Изменить стиль страницы

Не только у царицы острый глаз – протяжно затрубил рог. В комнате заплакал проснувшийся Неоптолем и Клеопатра поспешила к его колыбели. Не ее дело печься о приближающемся войске, то мужчин забота, а у нее поважнее занятия есть.

Предание гласило, что именно в Эпире обосновались, спасшиеся во время Великого потопа, Девкалион и Пирра, от которых пошло новое поколение людей. Много веков спустя, Неоптолем, сын Ахилла, величайшего героя, явился сюда во главе своего племени, захватил страну и положил начало царской династии Пирридов. Род его именовался так потому, что рыжий Неоптолем звался в детстве Пирром[16]. К тому же одного из своих сыновей, рожденных от Ланассы, правнучки Геракла, он назвал этим именем.

Следующие поколения Пирридов впали в варварство и утратили единовластие над Эпиром. В стране соперничали несколько племен: молоссы, феспроты, афаманы, хаоны, долопы и тимфеи. Долгое время сильнейшими считались хаоны. Они жили на северной границе Эпира, соприкасаясь с иллирийцами, и вели с ними постоянную войну.
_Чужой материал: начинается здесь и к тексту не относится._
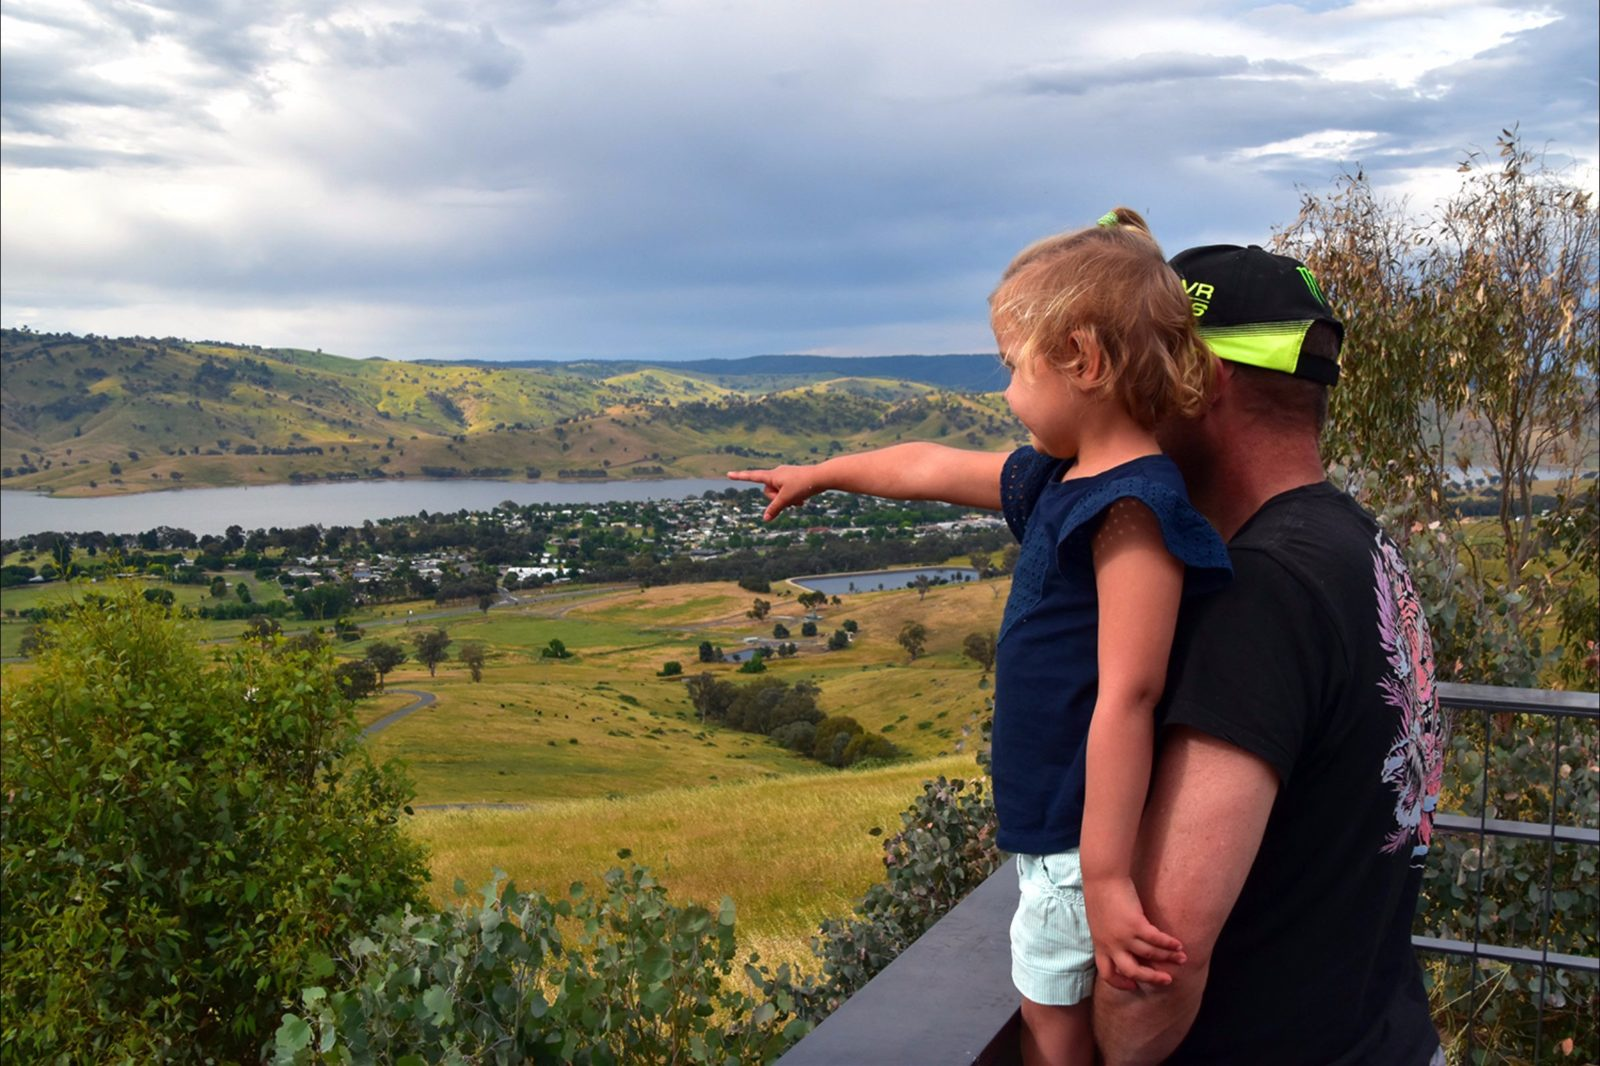 Tallangatta lookout - taking in the views

Так продолжалось до греко-персидских войн, после которых племя молоссов и род Пирридов вновь принялись, шаг за шагом, возвращать себе утраченное влияние. Царь молоссов Таррип, еще юношей, задолго до наследования своему отцу, некоторое время жил в Афинах. Взойдя на престол, он объединил страну, дал племенам эллинские законы, а многие обычаи горцев, вроде кровной мести, запретил.

Потомком Таррипа был царь Алкета, сыновей которого звали Арибба и Неоптолем. Ариббе, ставшему царем, боги послали двух сыновей – Алкету и Эакида.

Из них царь Арибба более всего выделял младшего. Старшего сына, имевшего отвратительный, вспыльчивый нрав, он считал недостойным царствования и отправил в изгнание. Наследником царь назначил Эакида, но отцовское царство тому не досталось. После смерти Ариббы в эпирские дела вмешался Филипп. Он возвел на трон сына Неоптолема, Александра, на сестре которого был женат.

Эакид против двоюродного брата бороться не стал и вообще ни полсловом, ни мимолетным жестом не выказывал недовольства. В государственных делах он принимал живейшее участие, и Александр считал его надежной опорой трону и своему наследнику. Разумеется, с приглядкой, ибо беспечный монарх рискует стать последним в династии. Но Эакид не давал поводов усомниться в своей верности. Будучи правой рукой Александра, он замкнул на себе столько дел, что царь иногда просто диву давался, как брат все успевает. Вот и сейчас стражи границ первым делом прибежали к Эакиду, а тот, выслушав донесение, поспешил к царю.

Братья встретили пришельцев у городских ворот. Несколько сот человек, уставшие, замерзшие, едва волочили ноги. Впереди колонны, завернувшись в теплый плащ и натянув на уши македонский берет-каусию, шел Полисперхонт. Братья переглянулись.

– Это конец, – прошептал Александр.

Эакид кивнул.

Старик приблизился и остановился, медленно переводя взгляд с Александра на Эакида и обратно. Выпростав из-под плаща правую руку, приложил ее к груди и поклонился.

– Царь... – голос полководца дрогнул, – ты видишь перед собой Македонию. Все, что от нее осталось... Нашей родины нет более.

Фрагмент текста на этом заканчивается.